**Given information**
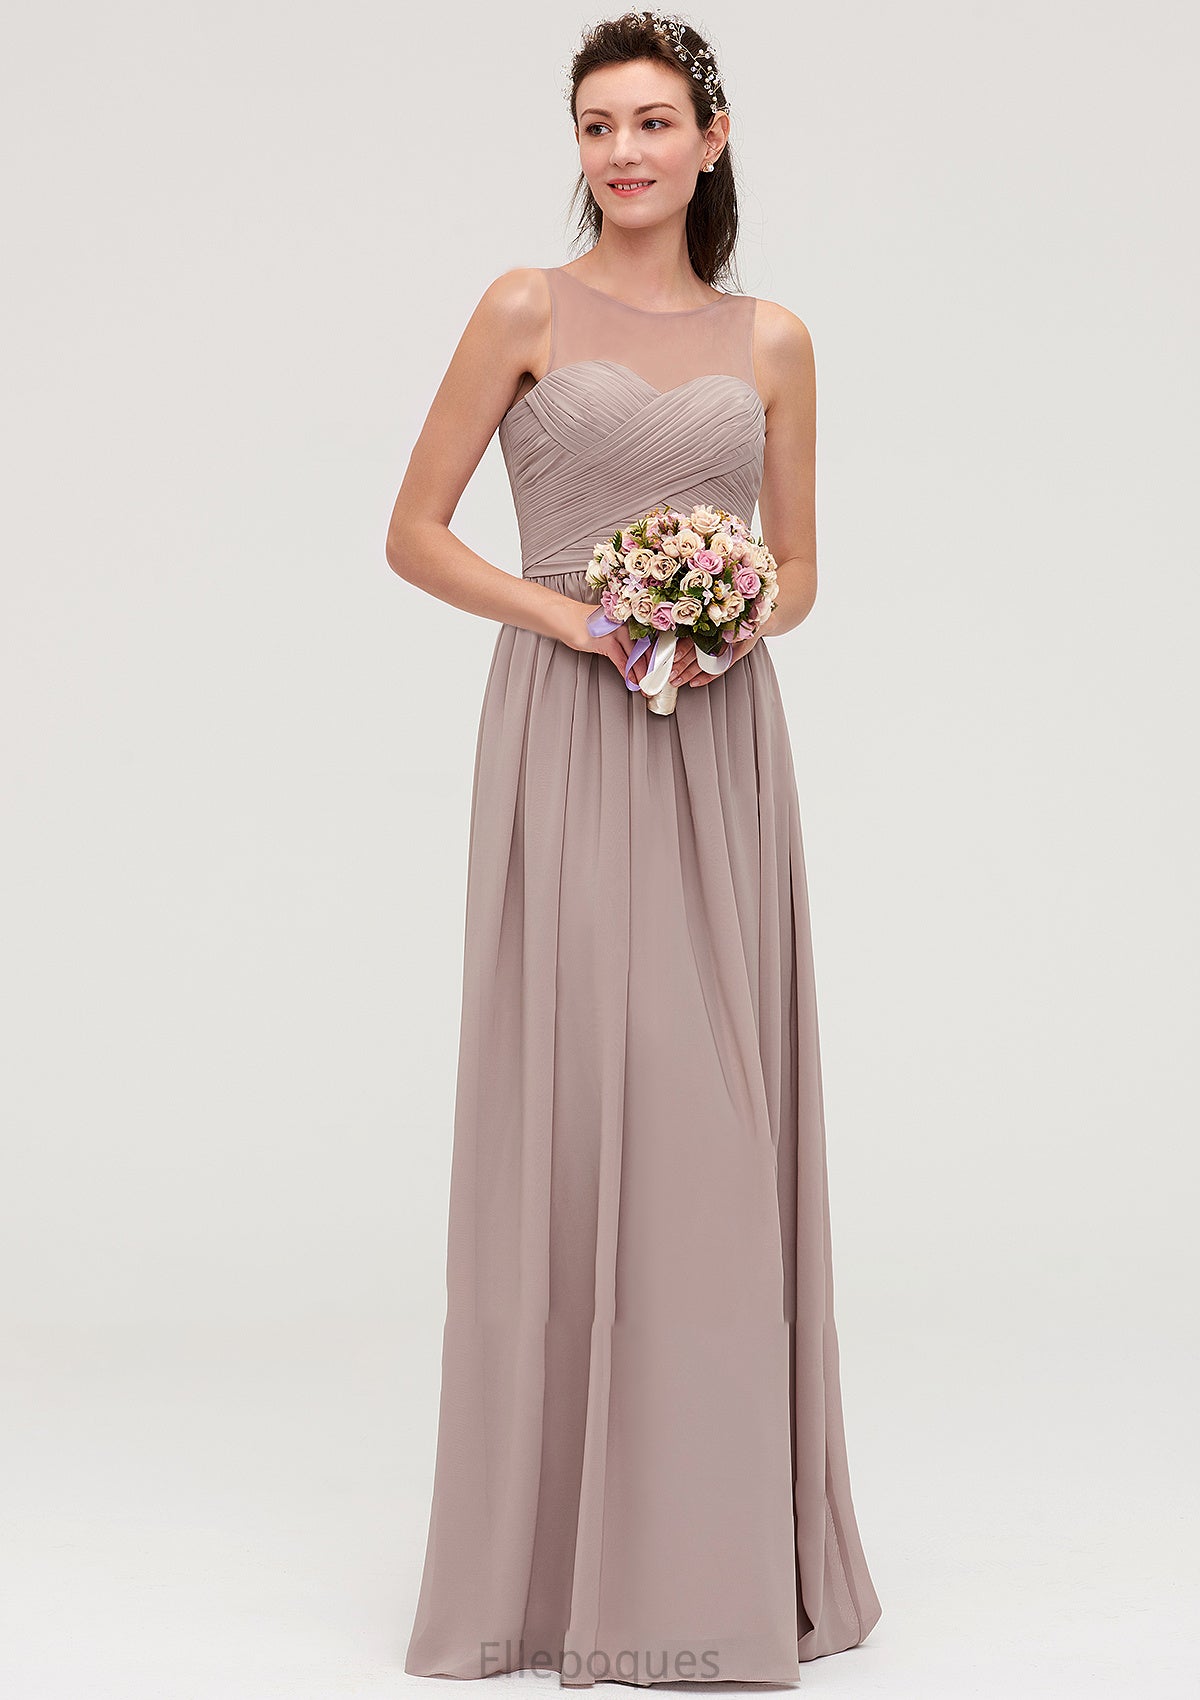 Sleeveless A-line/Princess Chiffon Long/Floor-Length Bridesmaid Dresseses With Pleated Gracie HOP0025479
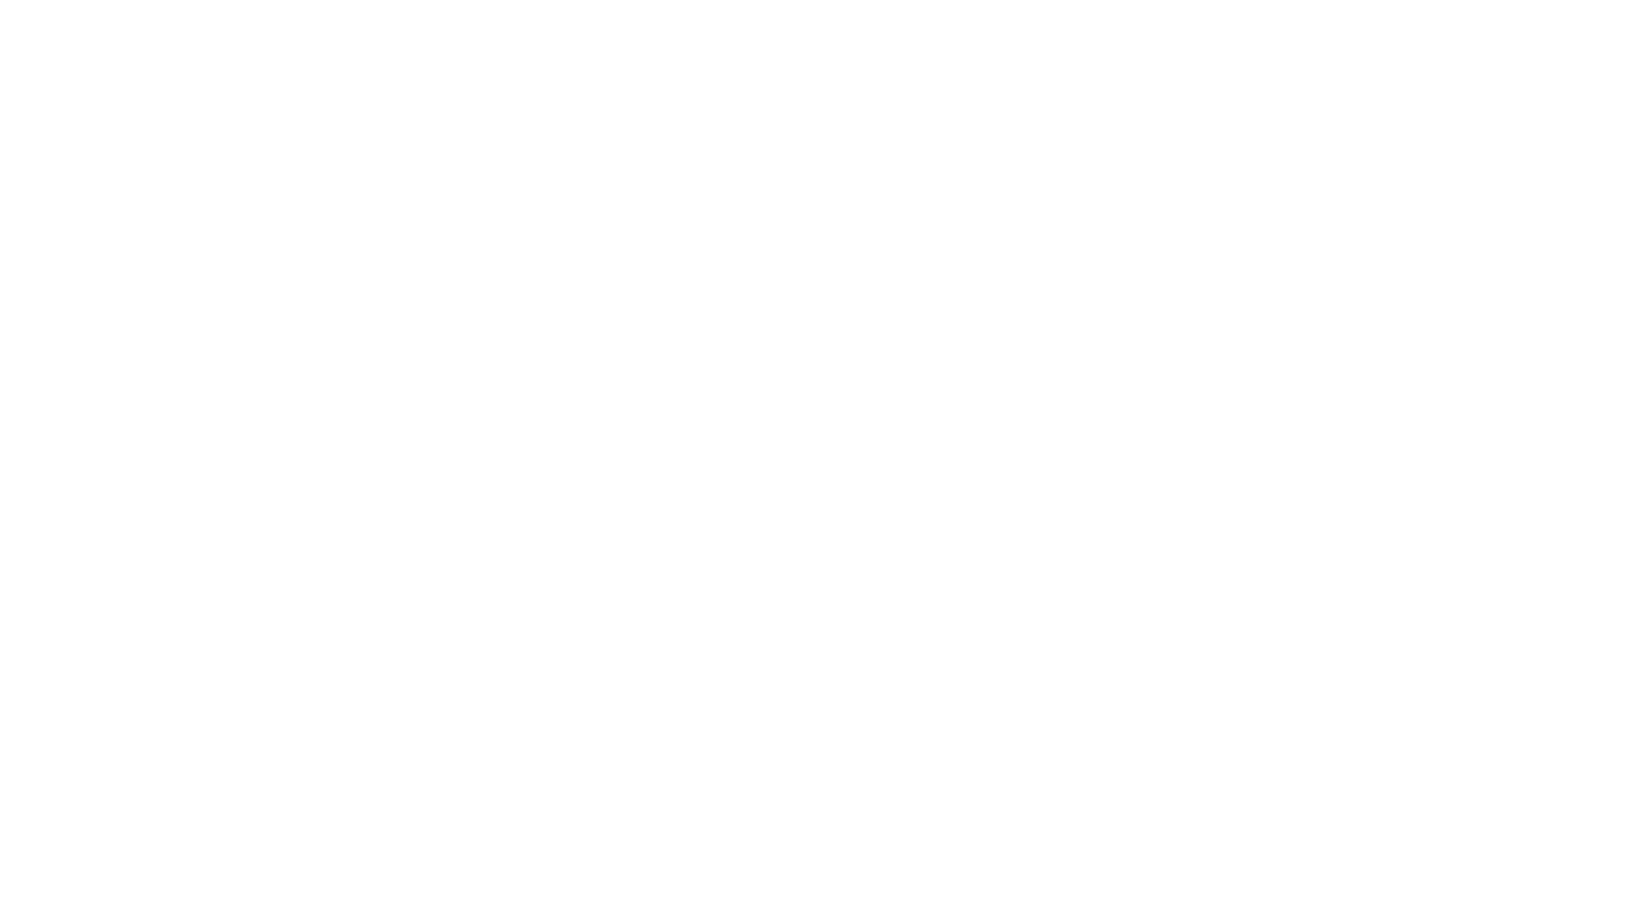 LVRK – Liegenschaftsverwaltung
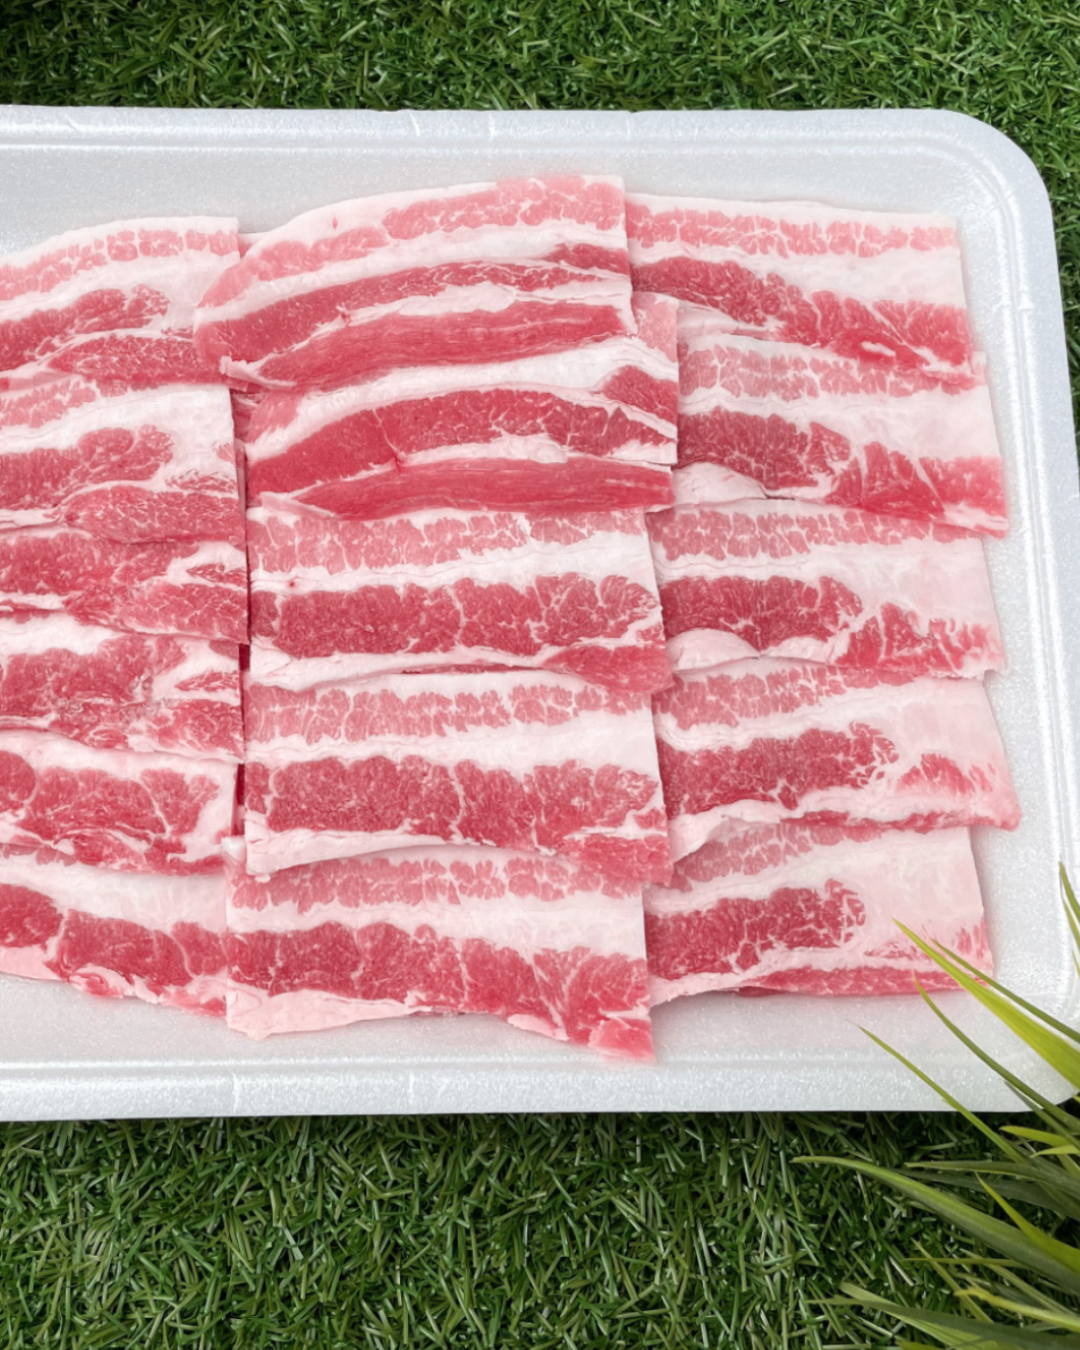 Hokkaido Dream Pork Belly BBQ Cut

**Work task**
If the listing above includes images, copy every line of it exactly except those images.

**Answer to this exercise**
 Sleeveless A-line/Princess Chiffon Long/Floor-Length Bridesmaid Dresseses With Pleated Gracie HOP0025479
 LVRK – Liegenschaftsverwaltung
 Hokkaido Dream Pork Belly BBQ Cut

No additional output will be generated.